Obsessions are thoughts, images, ideas, or urges that are persistent and uncontrollable, intrude on consciousness, and usually cause significant anxiety or distress. Compulsions are repetitive behaviors or mental acts that an individual feels they must perform.
Most people can ignore or dismiss such thoughts, attribute them to their distress, and allow the thought to subside over time. According to cognitive-behavioral theories, what differentiates people with obsessive-compulsive disorder (OCD) from people without the disorder is their inability to turn off these negative intrusive thoughts.
Individuals that are most likely to experience trauma-based obsessive-compulsive disorder include people that are depressed or generally anxious much of the time. When this occurs, even minor negative events can invoke intrusive, negative thoughts.
Differences in thought patterns of people with OCD include:
- The tendency towards rigid normalization thinking
- People who judge their negative intrusive thoughts as more unacceptable than most people may become more anxious and guilty about having them
- Extremely high levels of anxiety make it difficult to dismiss thoughts
Compulsions are mainly developed through operative conditioning. People with anxiety-provoking obsessions have adopted the belief that if they engage in certain behaviors, they can reduce their anxiety. Each time the person uses the behavior to reduce the obsession, the behaviors are negatively reinforced; thus, compulsions are born. Eventually, obsessions and compulsiveness intensify and cause an impaired ability to function in personal and professional settings.
OCD and Trauma
Trauma-related distress has been defined as psychological distress as a direct result of experiencing a stressful event. The psychological distress typically manifests as intrusive thoughts, including flashbacks, nightmares, and hypervigilance. Flashbacks, nightmares, and hypervigilance usually surround the traumatic event the individual experienced.

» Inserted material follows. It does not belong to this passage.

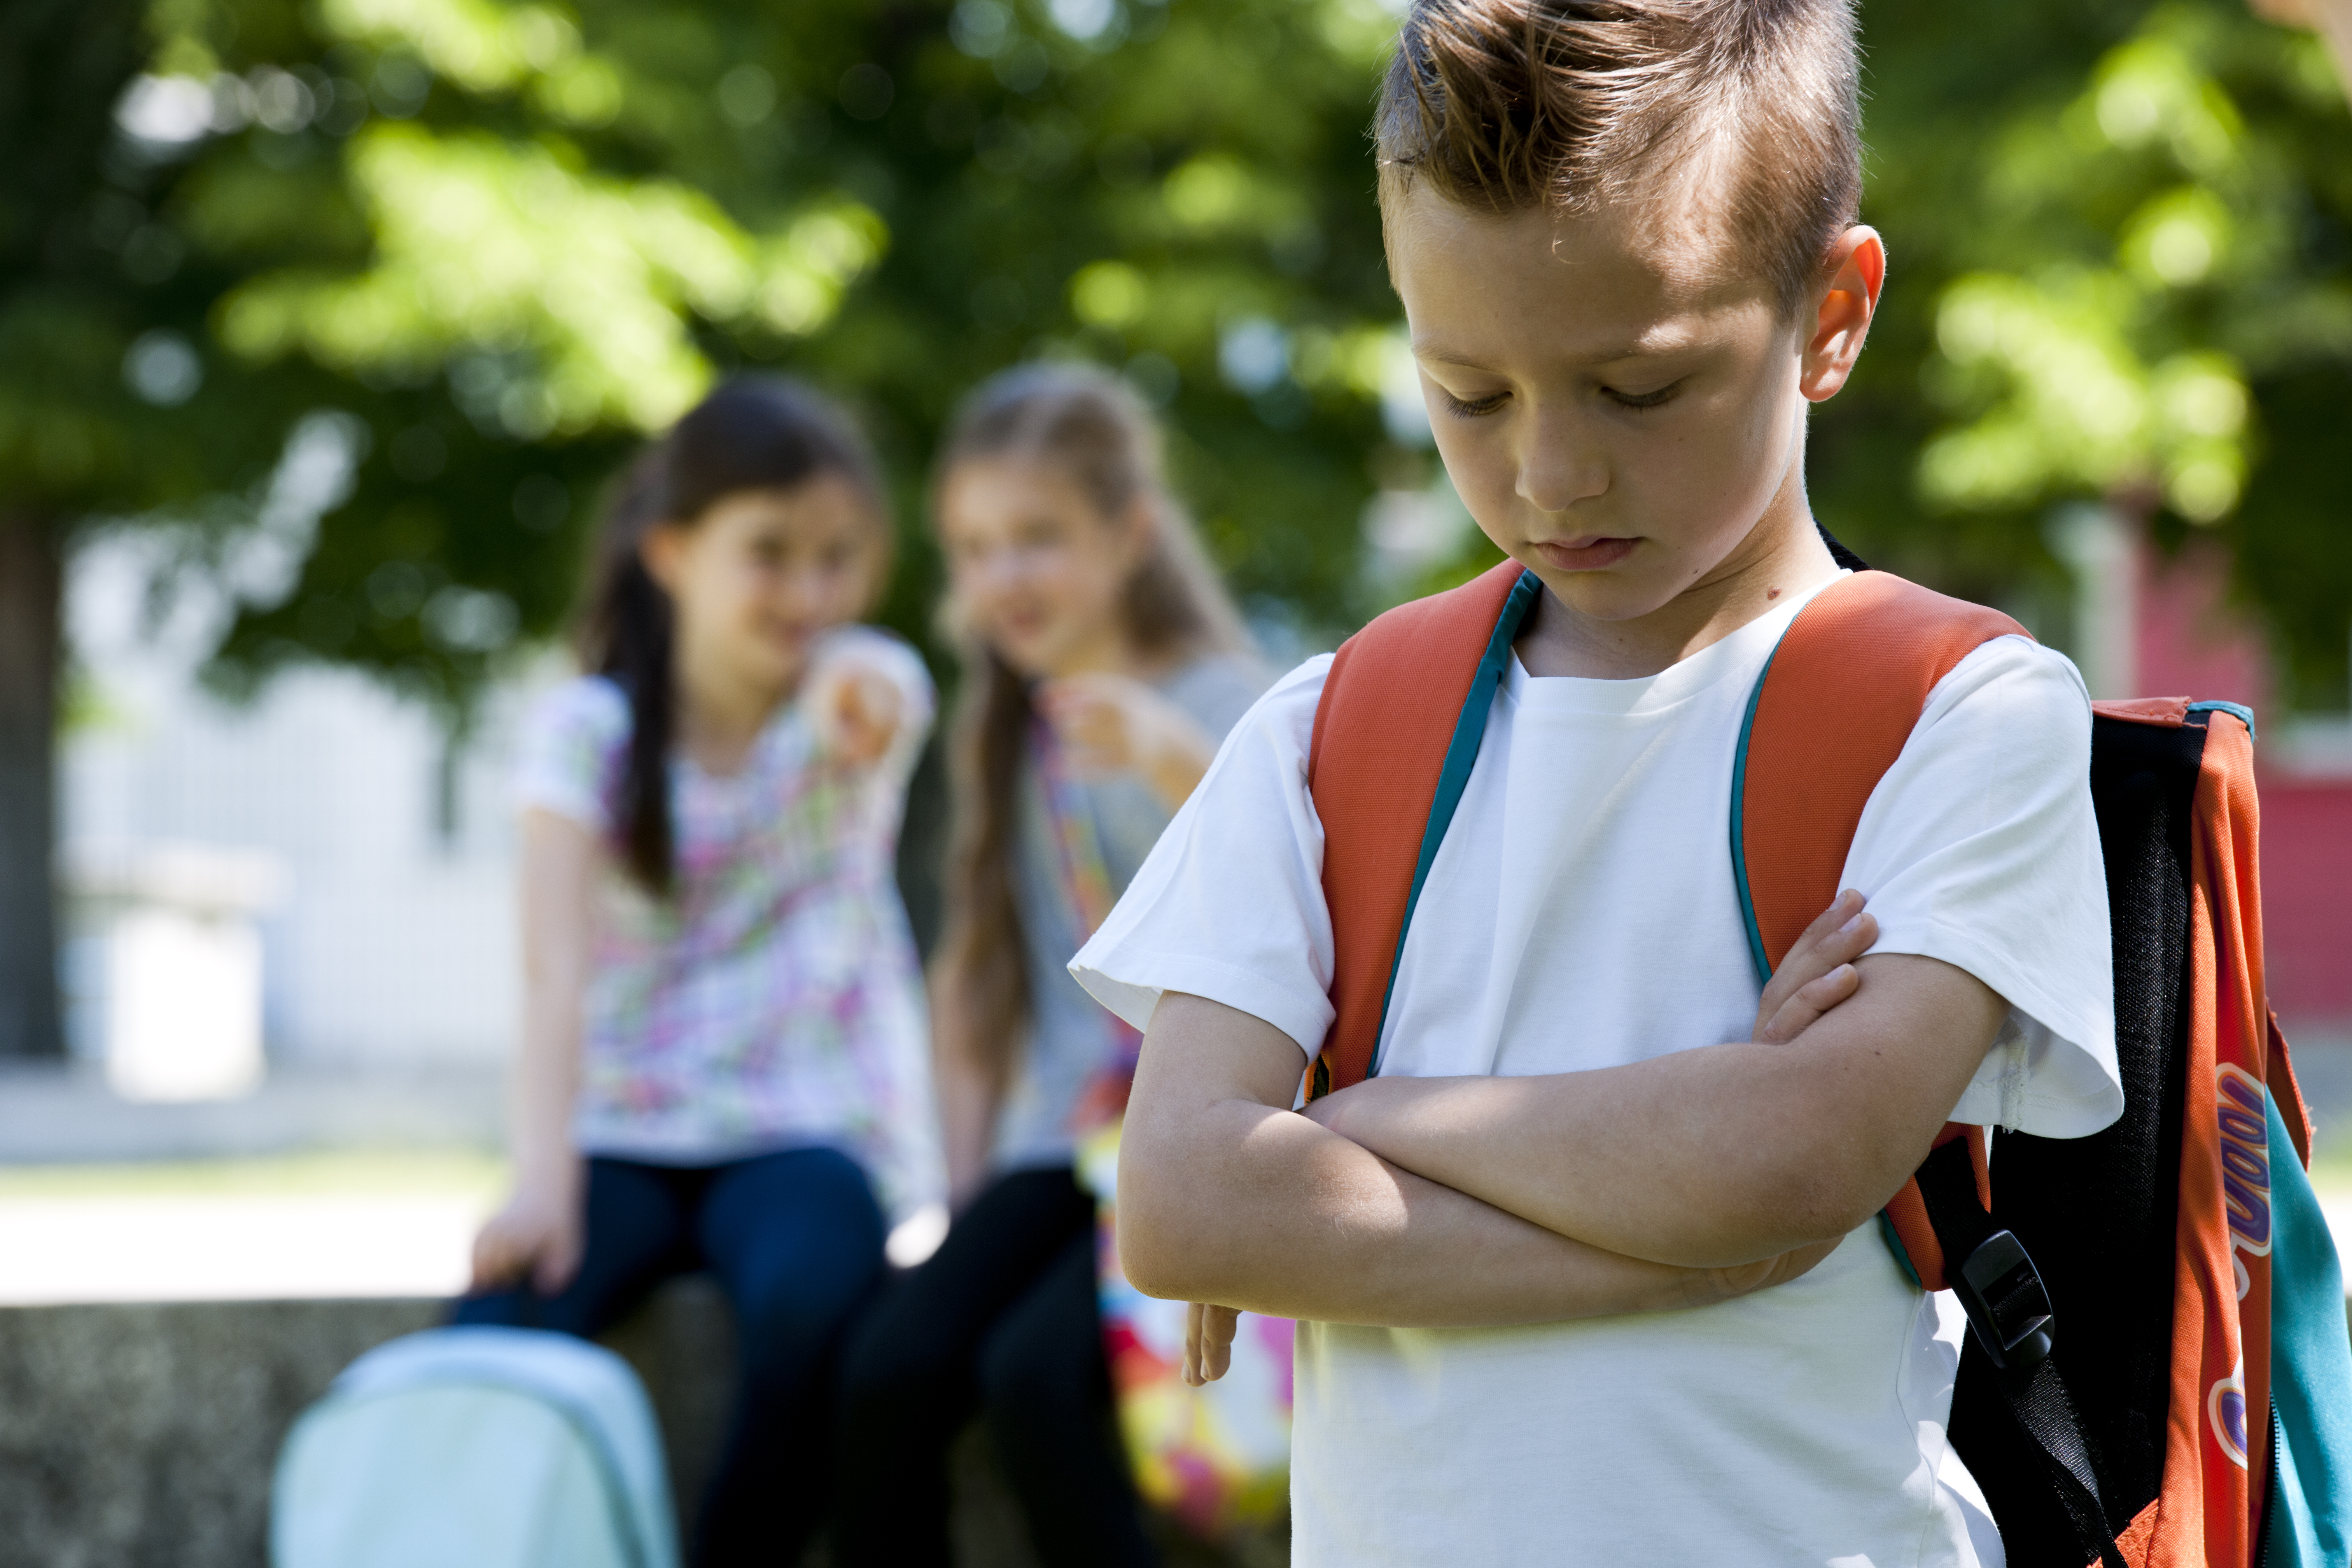 A bullied boy | Source: Shutterstock

The symptoms that an individual may experience are variable and situationally dependent. At times, the symptoms are clearly anxiety or fear-oriented. At other times, the clinical picture includes depressive symptoms, anger and aggression, or dissociation. Any combination of symptoms may be present at different times after exposure to an aversive or distressing event.
Cognitive-Behavioral Therapy for Trauma-Induced OCD
Cognitive-behavioral therapy (CBT) is a way for clients to identify thoughts, sounds, and other triggers that create anxiety, flashbacks, and paranoia to stop the compulsive behaviors associated with OCD. Today, it is the most widely used method for treating mental health disorders, including OCD.
The cognitive component of CBT for OCD involves challenging the individual’s moralistic thoughts an excessive sense of responsibility. An example is an individual who writes work emails repeatedly due to an intense and unreasonable fear of making an error and being criticized for it. That fear and obsession with perfection can be the result of growing up in a household with extremely critical parents. Because of this, that person obsessively writes the same email over and over until she is sure that there are no errors.
Exposure and response prevention therapy exposes the client to the focus of the obsession and prevents compulsive responses to the resulting anxiety. Repeated exposure to the obsession while preventing the person from engaging in the compulsive behavior extinguishes the client’s anxiety associated with the obsession. The client is taught to identify and practice behaviors that discourage engaging in compulsive behavior and do not lead to a negative result.
Family-focused therapy is one of the most widely used psychosocial interventions that has been proven to significantly produce positive results in mental health disorder treatments. This type of therapy weakens the impact of mental health disorders through the prevention of reversions, the reduction of disruptive behaviors and intrusive thoughts, encouraging compliance with medication use, and decreasing suicidal ideation. Family-focused therapy is time-regulated and focuses on the present, as well as symptoms respite and symptom control.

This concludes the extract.